Voici les chantier ouverts à partir de l'été 1981 :

-Prise de contrôle de Pathé. Havas détient 10% dans cette société qui appartient à la banque Rivaud. Le directeur financier me dit qu'une banque nous propose de racheter les 15% qu'elle y détient, que c'est une excellente affaire, très sous-estimée, ne serait-ce que par son patrimoine immobilier (le plus important réseau de salles dans le centre-ville de toute la France). Nous achetons et commençons à "ramasser" pour tenter de devenir majoritaire (Rivaud ne semble pas contrôler vraiment sa majorité). Nous y parviendrons presque, jusqu'à un veto "politique" assez surprenant qui me valut une de nos nombreuses "discussions musclées" avec Rousselet, et un "cours", dans le cadre de mon stage, sur le financement des partis politiques.

-Etude et "copie" du système de gestion d'une télévision hertzienne à péage sur le modèle de On TV (petite chaîne de Los Angeles repérée par Driencourt dont ils "récupèrent", avec Frédéric Chapu, le logiciel pour la logistique de la chaïne. Frédéric Chapu avait travaillé avec Jean Frydman sur le projet TVCS qui voulait faire de la communication d'entreprise sur le service public et avait commencé à chercher un décodeur pour ce faire. Cet épisode laissera Frydman, parmi beaucoup d'autres candidats en paternité, avec le sentiment que Canal+ était sa chose et qu'on lui avait volé pour des raisons politiques (Il avait hébergé Giscard dans son ranch canadien après sa défaite). Je recruterai quand même dans notre équipe son neveu Marc.(qui sera, plus tard, à l'initiative du X sur canal).

-Rédaction du contrat de concession de service public par Marie Castaing avec le SJTI. Tout était à inventer dans ce domaine. C'est Bernard Millet et Brun-Buisson (un "copain d'avant" de Sciences Po qui sont nos principaux interlocuteurs.)

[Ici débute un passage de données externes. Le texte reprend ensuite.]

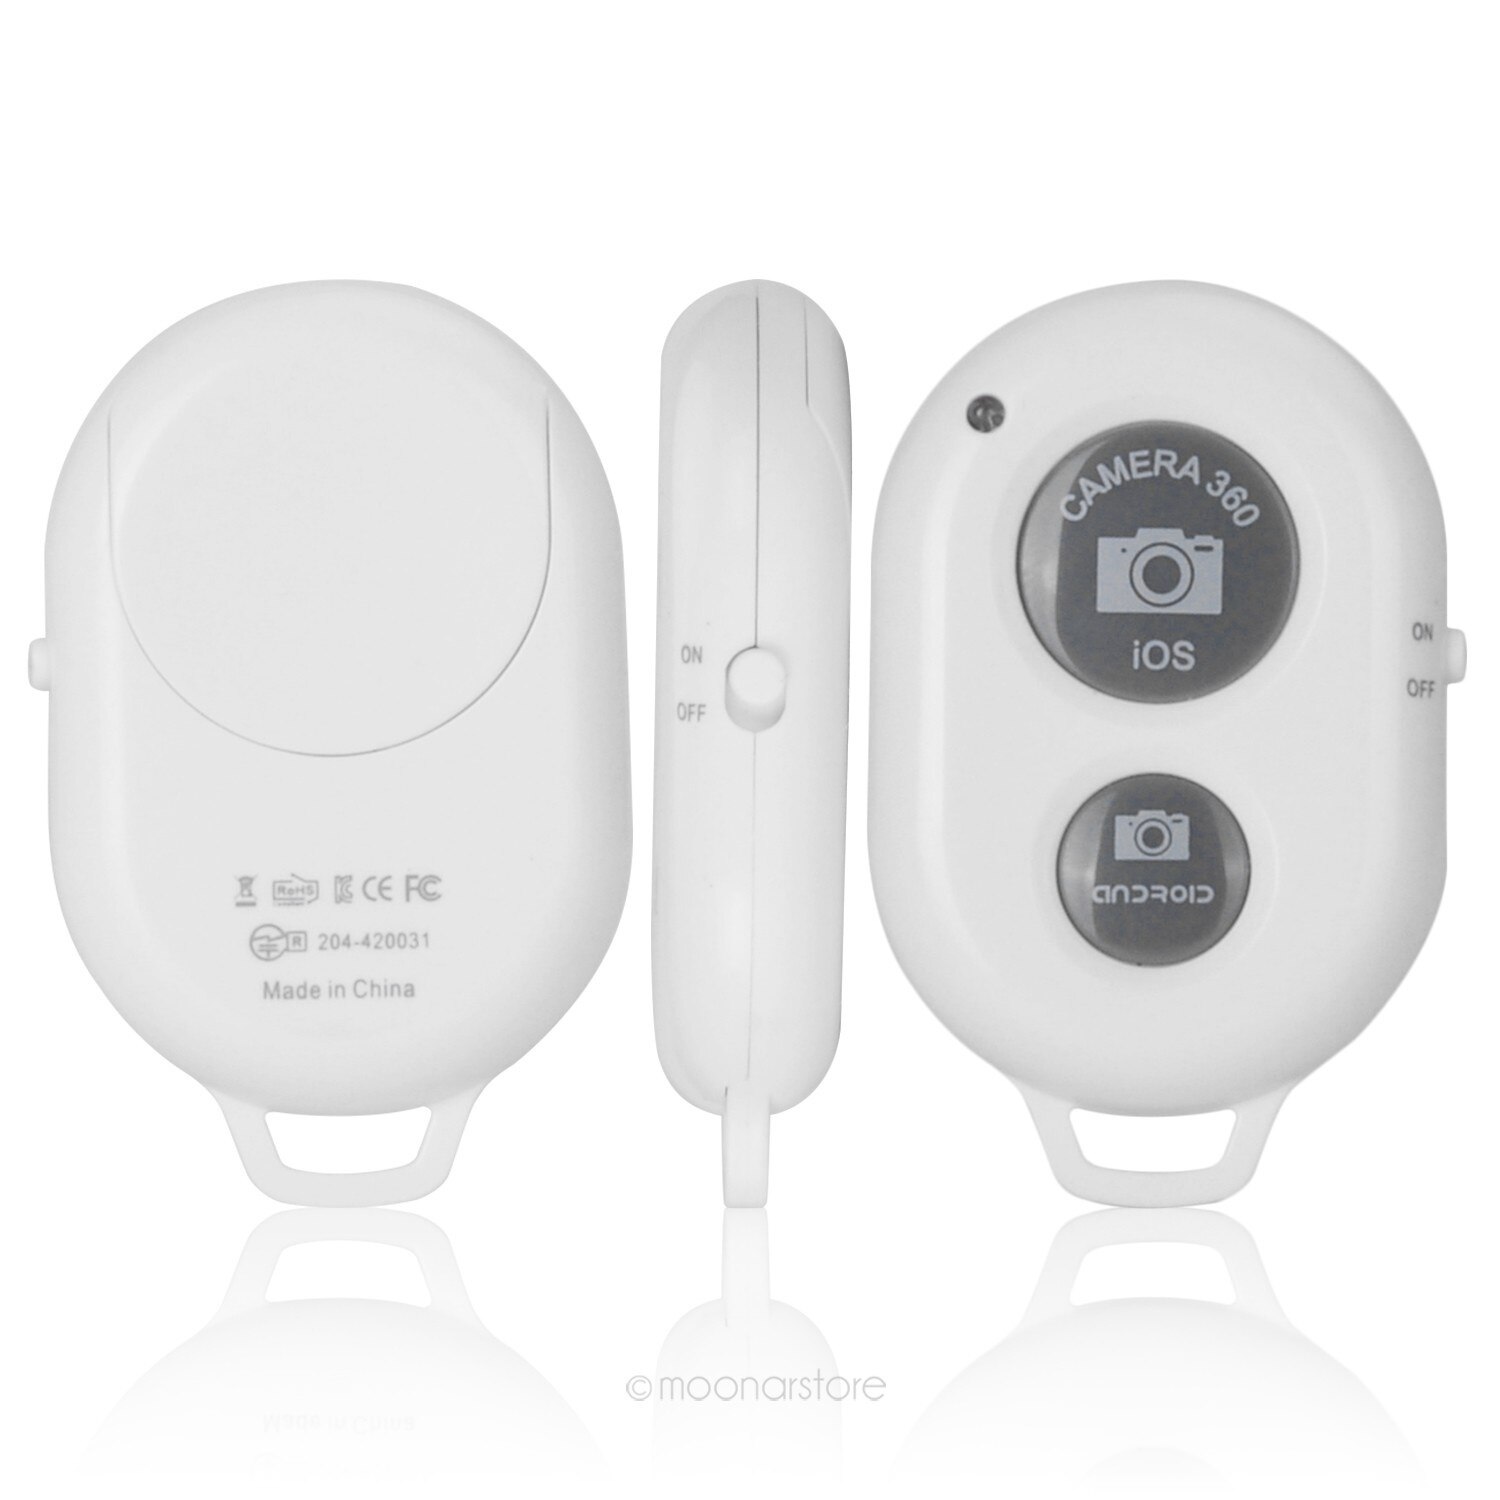 Centechia Universele Monopod Draadloze Bluetooth Remote Shutter zelfontspanner Zelfontspanner voor iPhone IOS Samsung Android xiaoni Oppo

-Adoption d'un décodeur, nous faisons appel à un ami d'Antoine Lefébure, Sylvain Anichini, dont les installations sur le toit au dessus de sa petite chambre m'avaient beaucoup impressionnées. Il semblait pouvoir tout pirater, y compris les messages codés des satellites espions soviétiques. La question du piratage était une des questions clef, Thomson nous proposait un décodeur inviolable à 2.000 Francs pièce. (C'était 20 fois le prix que nous nous étions fixés dans le business plan).

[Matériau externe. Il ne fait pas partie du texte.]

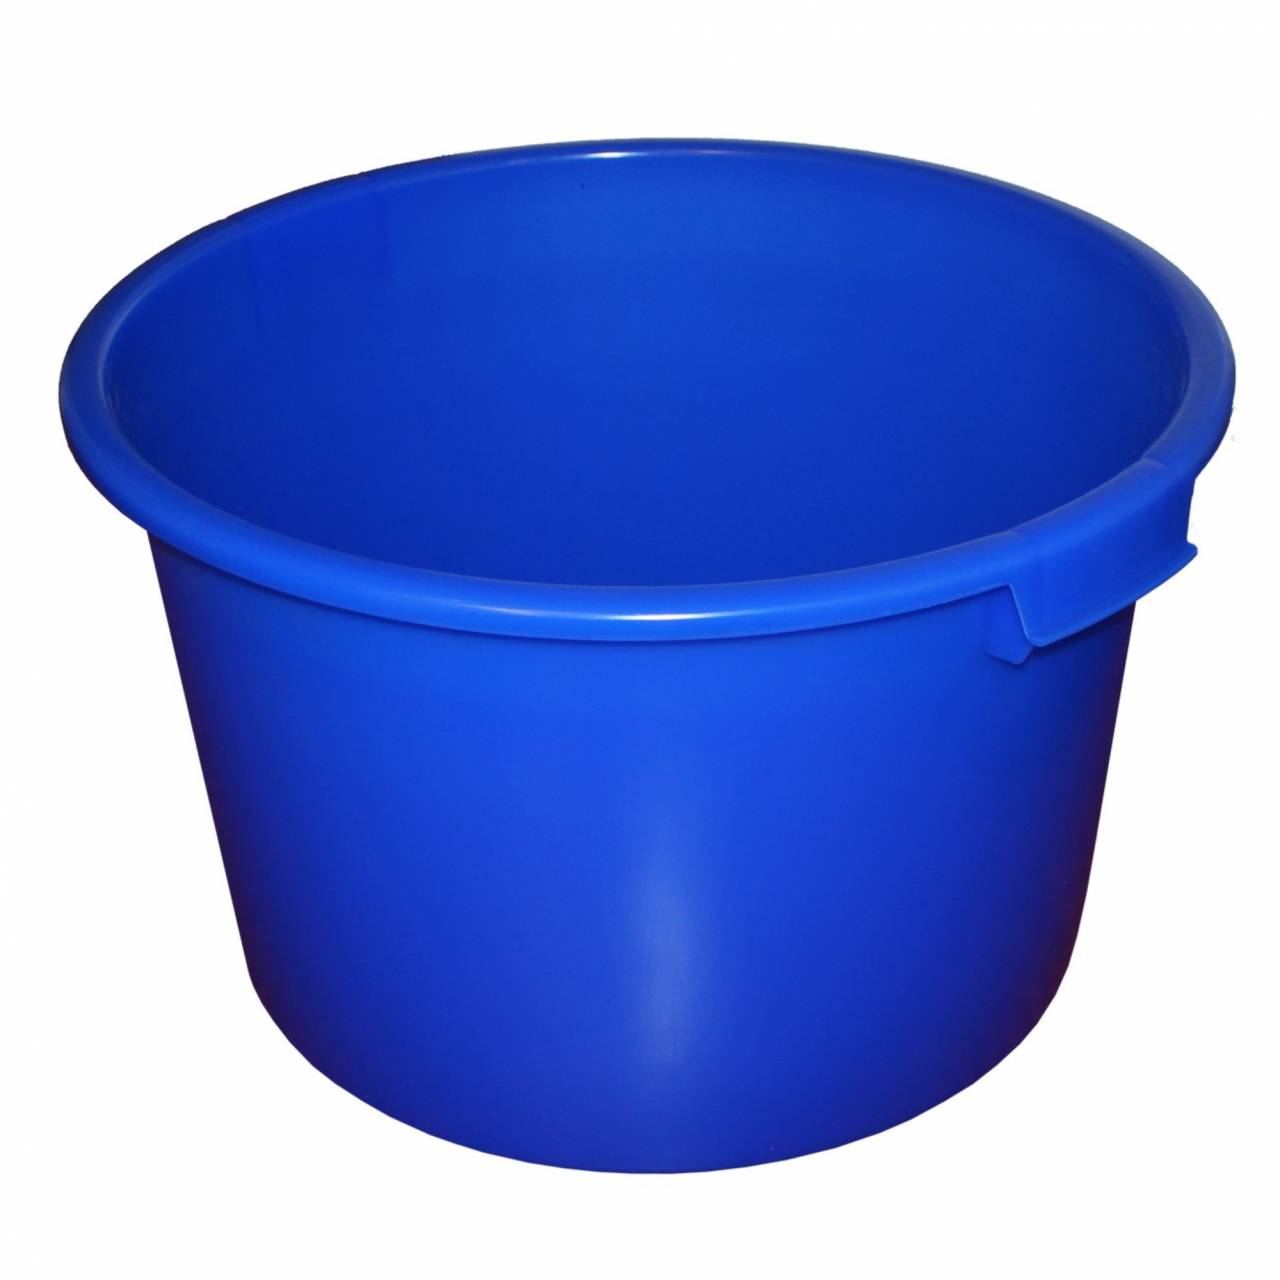 Mörtel-Kübel 90,0 l, Ø 66,5 cm, 'Profi', blau

- Amorce des discussions avec les représentants de l'industrie du Cinéma représentés par le BLIC, dominé par les exploitants de salles. Il s'agissait d'obtenir leur accord pour une diffusion des films un an après la sortie en salle et de définir un montant d'engagement financier annuel sur la production française. Grands souvenirs de dîners ou déjeuner passionnants avec Jean-Pierre Rassam ou Jean-Luc Godard que Driencourt m'avait présentés pour ne pas uniquement parler avec les "officiels". En fait, des hommes comme eux, avaient tout de suite compris le projet, alors qu'il fallut bien deux ans aux autres pour commencer à entrer dans le sujet et admettre que Canal + ne signait pas la mort du cinéma français, bien au contraire.

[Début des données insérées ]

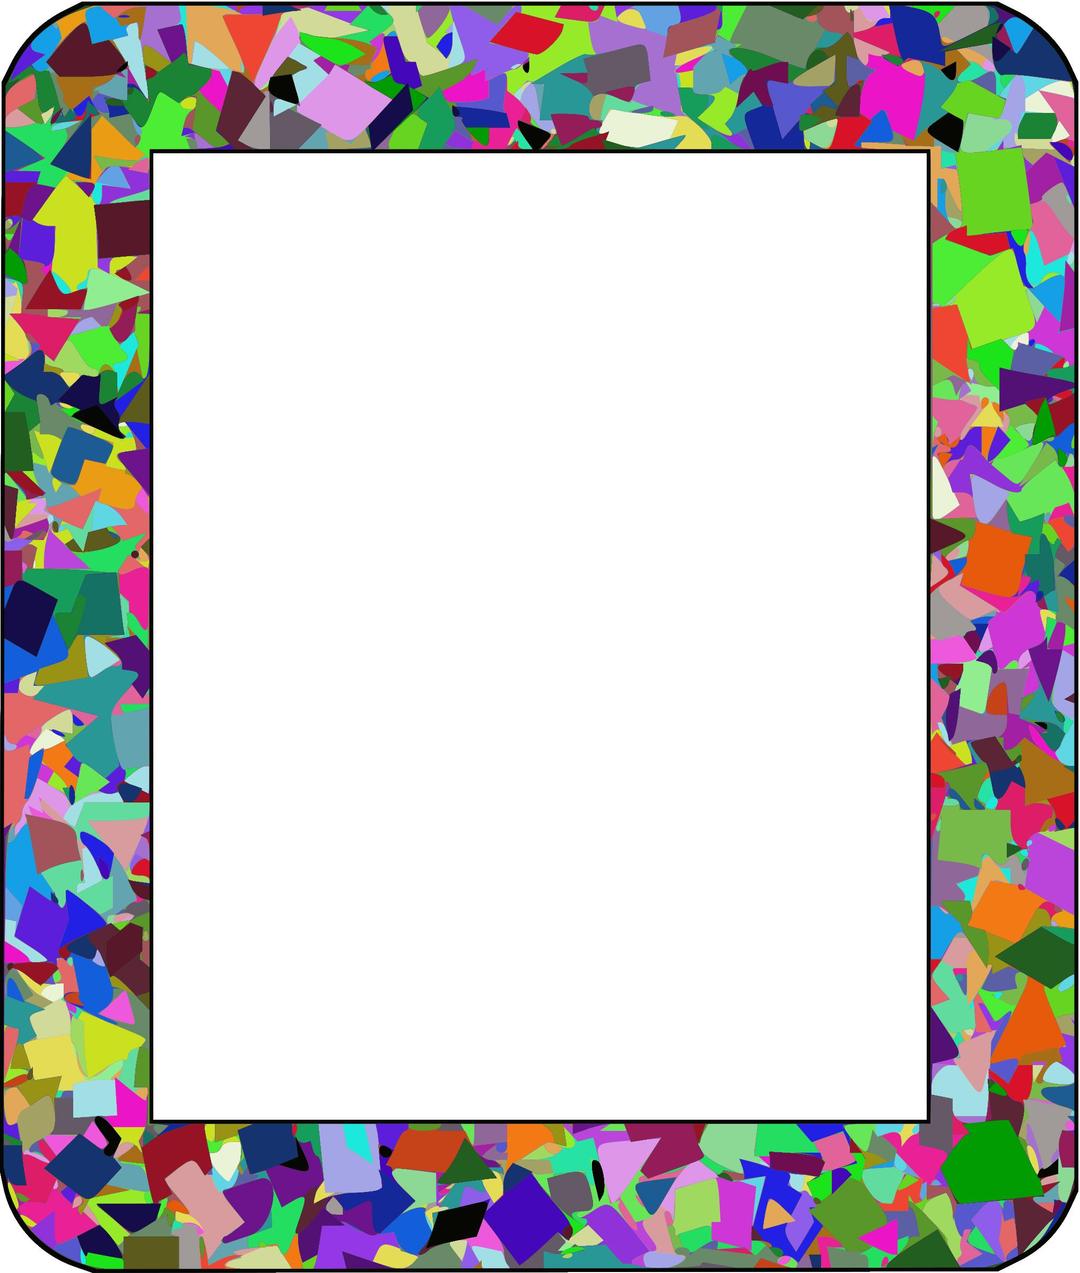 Confetti frame 1 png transparent

Tout était sur les rails et quand Rousselet fut nommé Président (Fin 82) le business plan était prêt (Il n'y avait plus qu'à enlever la barre oblique du 4 de Canal 4.) nous le lui présentons en réunion plénière (avec tous les patrons de filiales). Tout le monde est hostile au projet, y compris Marc Tessier, nouveau Directeur Financier, qui m'écrit une lettre "furibarde" pour me signaler que, compte tenu de ses fonctions, ce serait gentil de ma part, de le tenir au courant quand l'envie me prend d'engager la totalité du chiffre d'affaire du groupe sur une de mes lubies. Tout le monde...sauf Rousselet à qui j'avais montré une hypothèse (à peine optimiste) sur la période sensible de 1986, où le Président de Canal+ était en mesure de racheter le Groupe Havas dans son ensemble. Je me souviens que cette courbe de revenus et d'abonnés l'avait laissé rêveur. Il décidera de s'approprier le projet et de convaincre son "copain d'avant" d'y aller en lui faisant toute confiance. C'était gagné.